My default AGENTS.md/CLAUDE.md/etc. is a few sentences from Strunk and White, to try to make all the models not suck at writing. It helps keep the models brief, but it doesn't actually make models with shitty prose have good prose. The relevant portion of my agents file is: "Omit needless words. Vigorous writing is concise. A sentence should contain no unnecessary words, a paragraph no unnecessary sentences, for the same reason that a drawing should have no unnecessary lines and a machine no unnecessary parts." Which might add up roughly the same as "be brief" in the weights, I don't know.
If you have a prompt that makes GPT a decent-to-good writer, I would like to see it.

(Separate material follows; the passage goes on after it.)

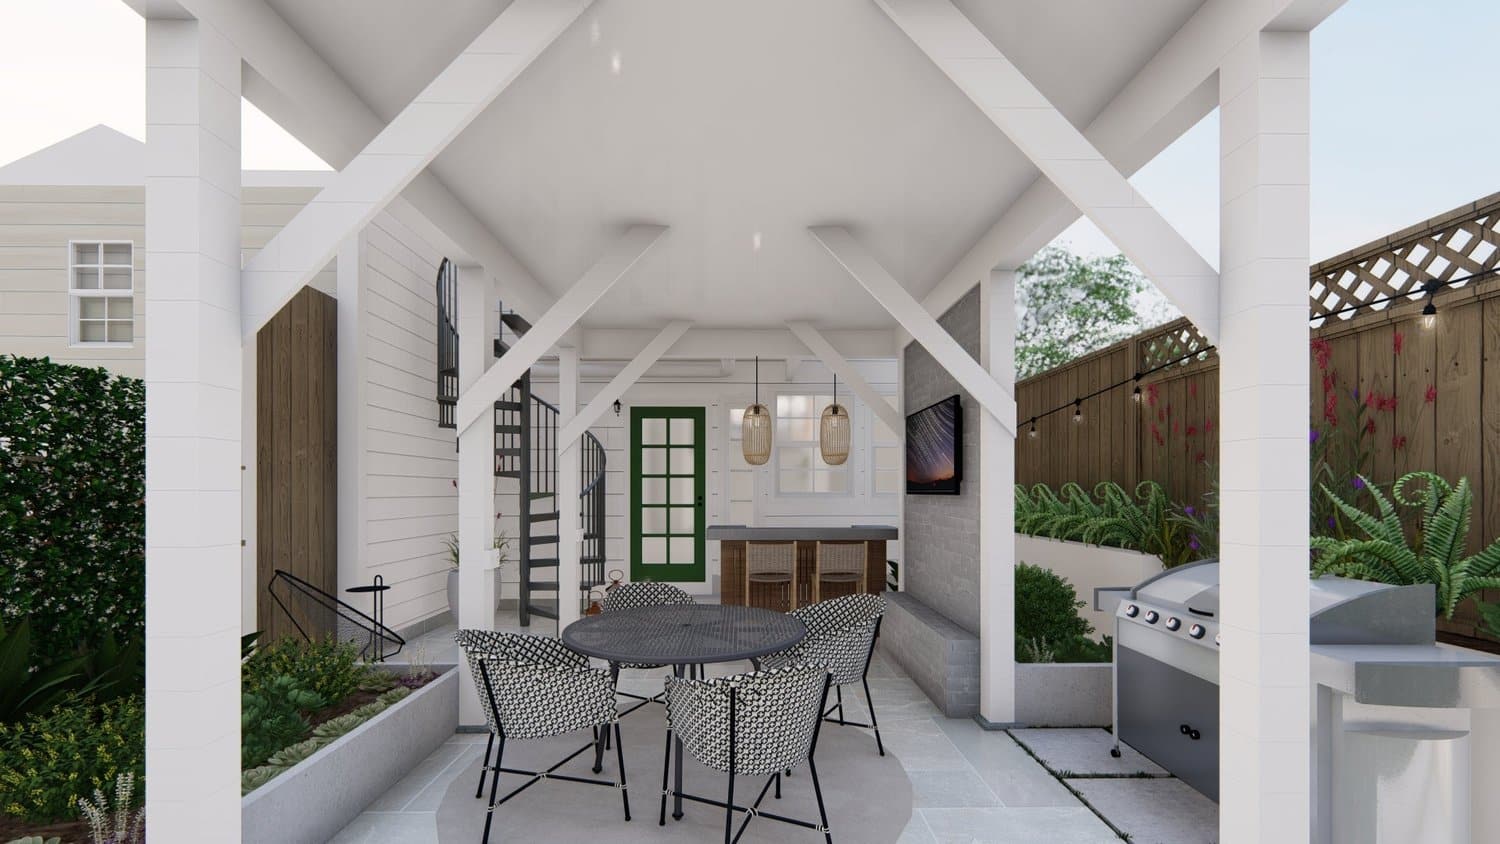 San Francisco patio with pergola dining area and outdoor kitchen

Gemini produces decent-to-good prose without prompting, which improves if instructed to be concise. The other models, even the frontier models, do not have decent-to-good prose without prompting, and even with prompting, rarely elevate to what I would consider Good Enough. Part of this may be that GPT and Claude models get used a lot more heavily, and so I'm highly tuned into their idiosyncrasies. The heavy use of emojis, the click-bait headline style, etc. that they both use unprompted. All of that is repugnant to me, so anything that doesn't do all that by default, or at least not as aggressively, has a huge leg up.
I have been trying Gemini since 2.5 for coding.
It is the smartest for creative web stuff like HTML/CSS/JS.
But it has been very stubborn with following instructions like AGENTS.md.
And architecturally for large projects I tested, the code isn't on par with Opus 4.5+ and GPT 5.3+.
I would rather use DeepSeek 4 Flash on High (not max) than Gemini even if they had the same cost.
I currently use GPT 5.5 + DeepSeek 4 Flash.
BUT I didn't test Gemini 3.5 Flash yet. And it seems, from another comment in this post, that the Antigravity quota for is bricked for Google Pro plans which is the plan I have. So I don't have high hopes.
What they did do in the keynote was spend a lot of time talking about their distribution advantage, and how they can own the consumer in search. But not a lot that will benefit partners or developers.
Basically, they released something broadly competitive with Sonnet 4.6, a new Omni model that seems interesting but unclear yet. They have completely ceded the frontier to OpenAI / Anthropic, and are saying "look for pro next month".
The best release since nano banana pro from Google has been Gemma.